Motor vehicle crashes can range in severity depending on the types of vehicles involved and the speed of the collision. From a head-on collision to a rear-end collision, vehicle occupants can suffer a host of devastating injuries. Even a collision that seems minor can have a catastrophic impact on the safe operation of the vehicle. From flat tires and damaged electrical systems to mechanical failure due to ruptured fluid lines, drivers can soon find themselves stranded in sub-freezing weather. It is wise to include certain items in a survival kit that might prove lifesaving, including:

  • Warm clothing: At the very least, the survival kit should include a spare winter hat, gloves and a blanket to keep vehicle occupants warm. Some drivers might include a complete change of clothes in the event their current clothing becomes soaked from being out in the elements checking for vehicle damage or attempting to shovel themselves to safety. Drivers could also include hand warmers and foot warmers in the survival kit.
  • Food and water: A winter survival kit should contain nutritional items in case the vehicle becomes stranded for long periods of time after a crash. Bottles of water are encouraged – though they should be checked daily to ensure they haven’t frozen over – as well as non-perishable food such as energy bars.

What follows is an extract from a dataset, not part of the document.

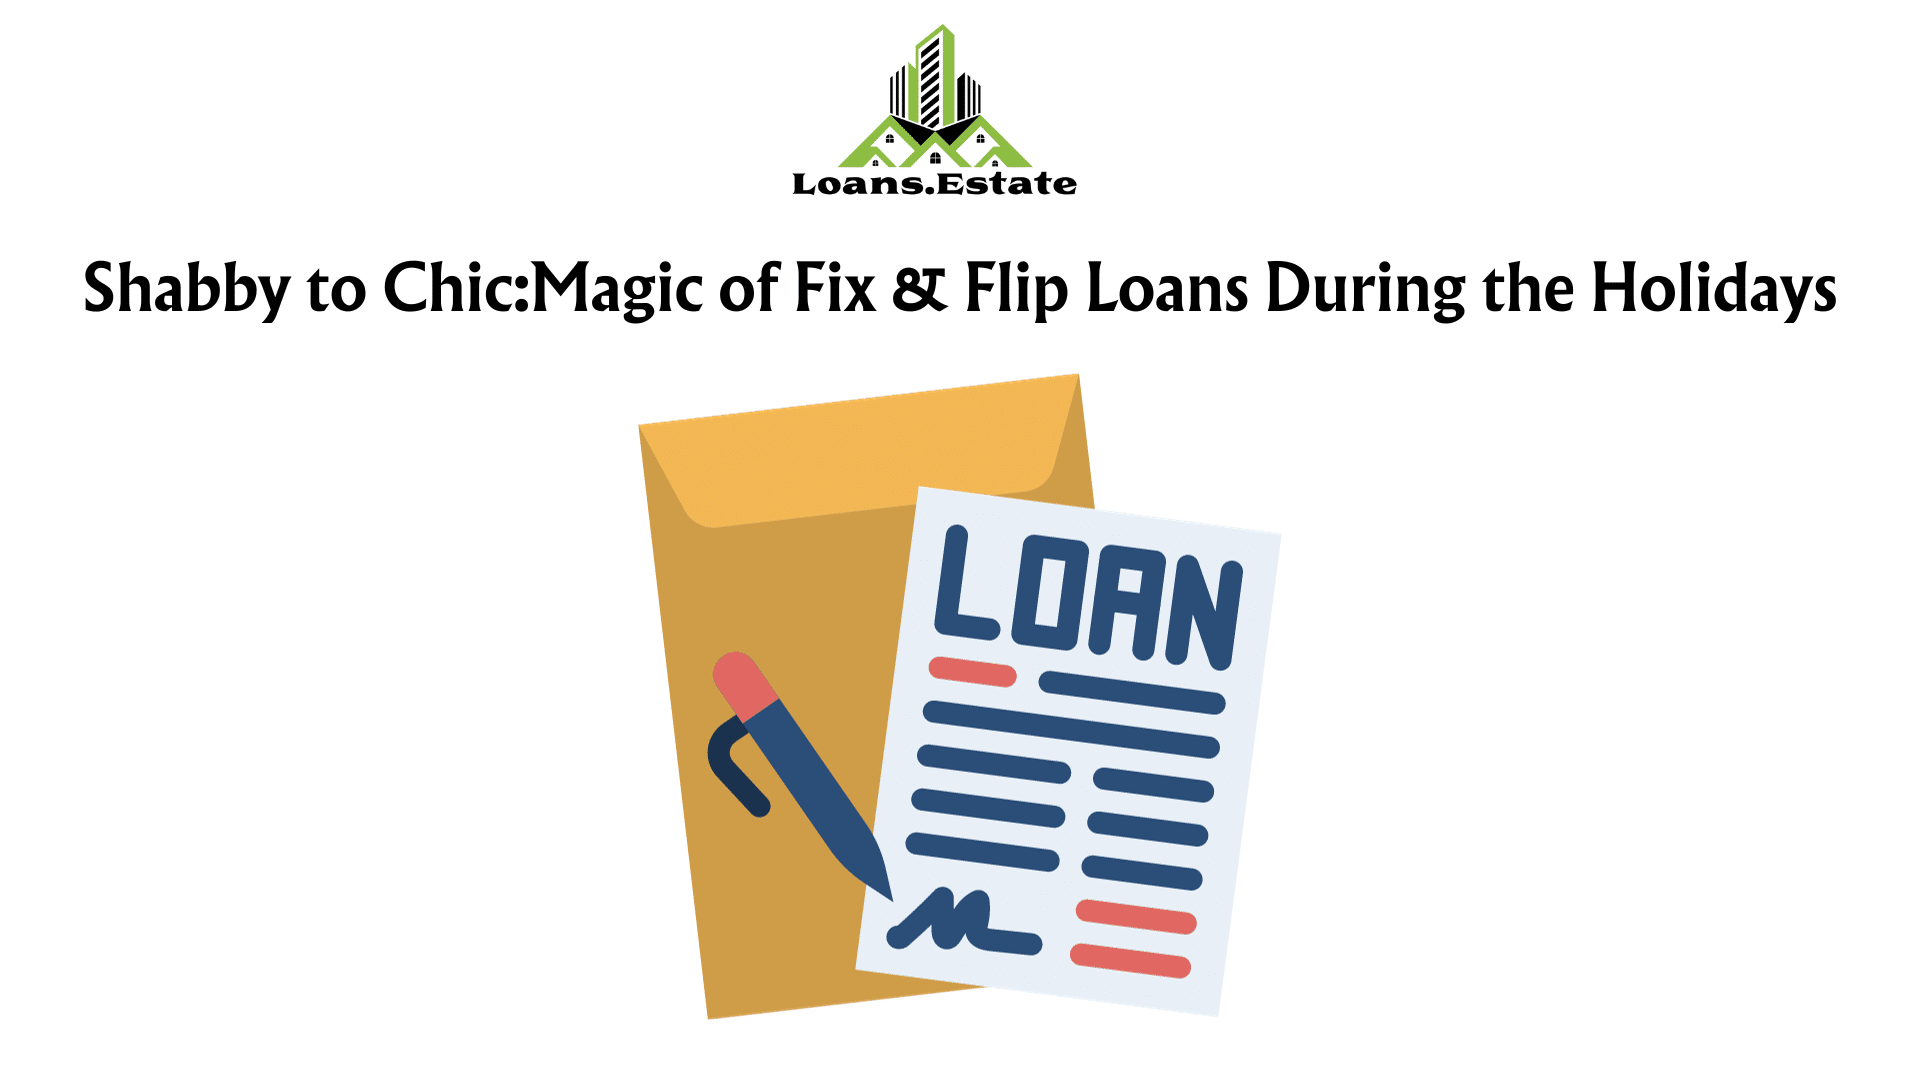 Shabby to Chic: Magic of Fix & Flip Loans During the Holidays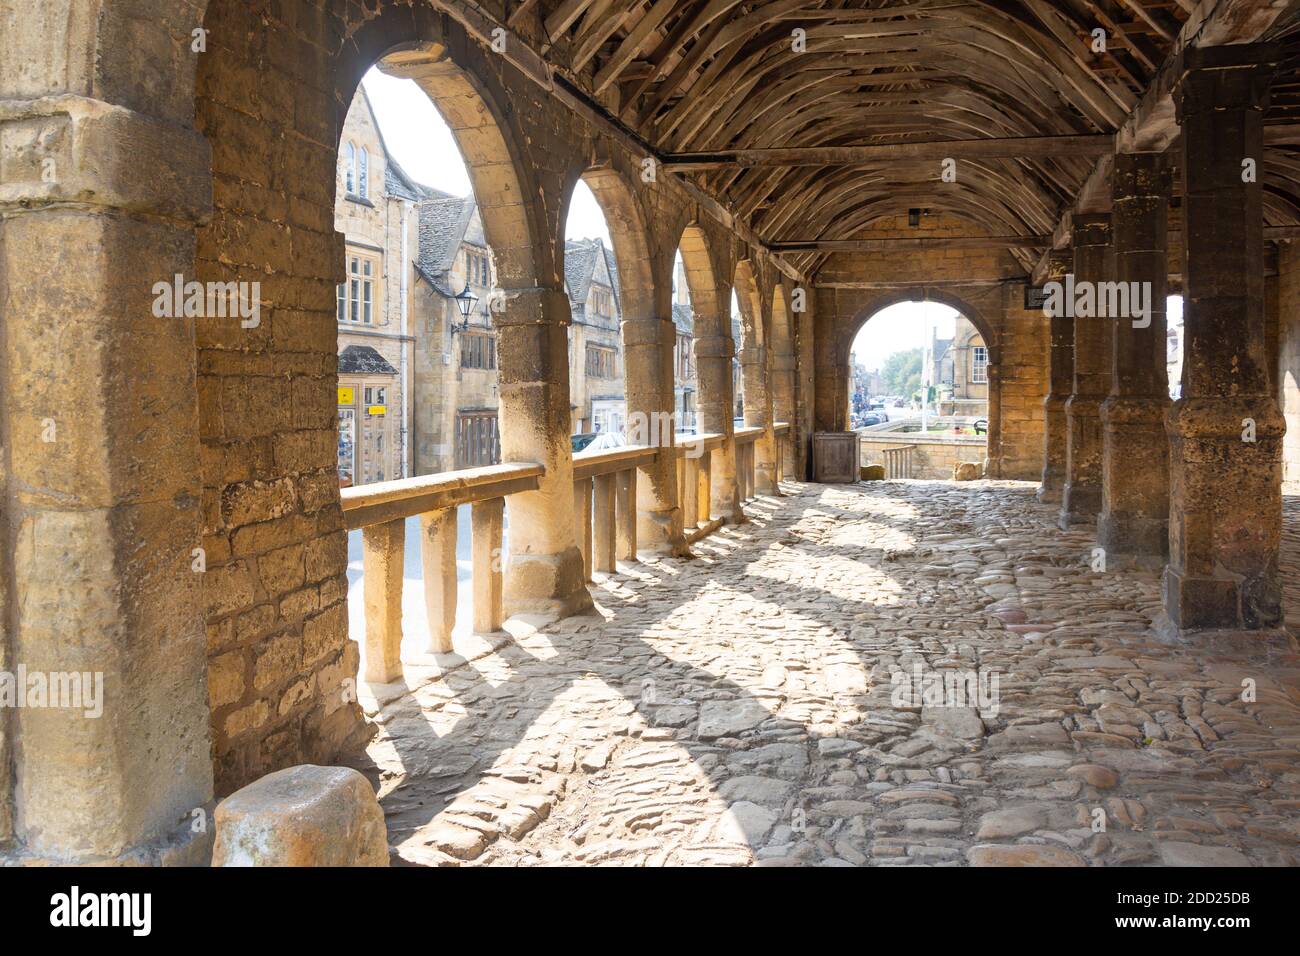 Medieval Market Hall, High Street, Chipping Campden, Gloucestershire, Inghilterra, Regno Unito Foto Stock

  • Tools: This can become quite an extensive list the more prepared drivers want to be. From a small tool kit containing screwdrivers, pliers and a hammer to more specific needs such as a collapsible shovel, phone charger and jumper cables, drivers must take the time to ensure they can react to several types of snow emergencies.
  • Traction materials: Whether they have spun off the road or are trapped in a snow-filled ditch, drivers might find that gaining traction is difficult. Many drivers keep bags of cat litter in their vehicle to spread around the tires to improve traction. Additionally, shop safety absorbent can aid in gaining purchase on a slick surface.
  • First aid kit: While this might not be an extensive kit, drivers should keep bandages, ointment, pain relievers and other essentials in the vehicle. Additionally, drivers should keep a few doses of any necessary prescription medication in case disaster strikes.

From ice and snow on the roads to shorter daylight and heavy winds, winter travel can quickly transition from safe to precarious. Drivers must avoid distractions and take steps to reduce their exposure to dangerous conditions. If a motor vehicle collision occurs, the presence of a well-stocked survival kit might mean the difference between minor injuries and catastrophic damage.